Active-learning Teaching Materials

Learning computing requires active practice by working through programming problems. Just diving in to computing is challenging for most scientists, so the course instruction is designed to combine short live-coding introductions to concepts followed immediately by the students working on a related exercise. Additional exercises are assigned later for practice. This follows the “I do”, “We do”, “You do” approach to teaching, which leverages the benefits of active-learning and flipped classrooms without leaving students who are less comfortable with the material feeling lost. The bulk of class time is spent working on assigned exercises with the instructor moving around the room helping guide students through things they don’t understand and engaging with students who are thinking about advanced applications of what they’ve learned.

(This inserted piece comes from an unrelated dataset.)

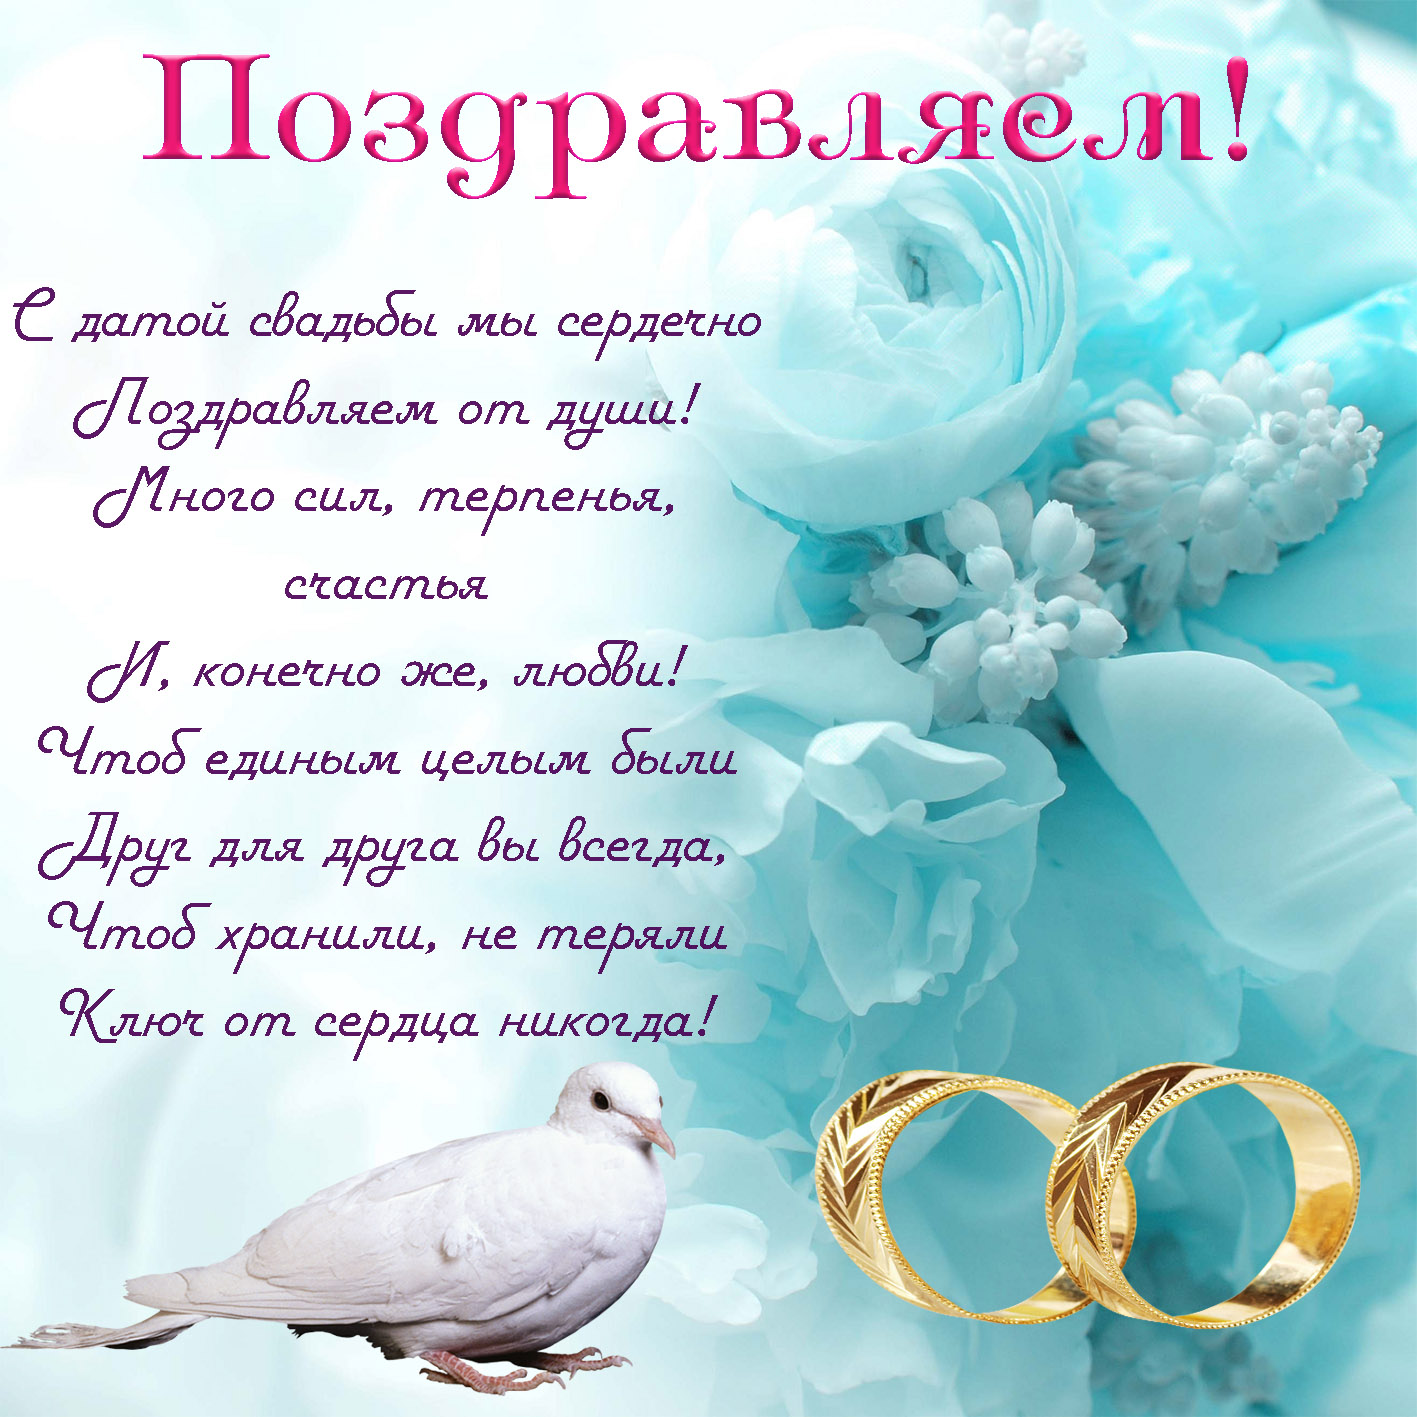 Поздравления на юбилей свадьбы картинки

This approach is the result of lots of reading about effective teaching methods and Ethan’s experience teaching this and related courses over the last six years at Utah State University and the University of Florida. It seems to work well for both students that get the material easily and those that find it more challenging. We’ve also tried to make these materials as useful as possible for self-guided students.

Open course development

Software Carpentry and Data Carpentry have shown how powerful collaborative lesson development can be and we’re interested in bringing that to the university classroom. We have designed the course materials to be modular and easy to modify, and the course website easy to clone and set up. All of the teaching materials and associated website files are openly available at the Data Carpentry for Biologists repository on GitHub under CC-BY and MIT licenses. The course materials are all written in Markdown and everything runs on Jekyll through GitHub Pages. Making your own version of the course should take less than an hour. We’ve developed documentation for how to create your own version of the course and how to contribute to development. Exercises and assignments are modular and changing exercises and assignments simply involves reordering items in a list. Adding a new exercise involves creating a new Markdown file and then adding its title to the list of exercises for an assignment.

Get Involved

If you teach, or want to teach, a course like this, we’d love to get you involved. Here are some useful links for getting started.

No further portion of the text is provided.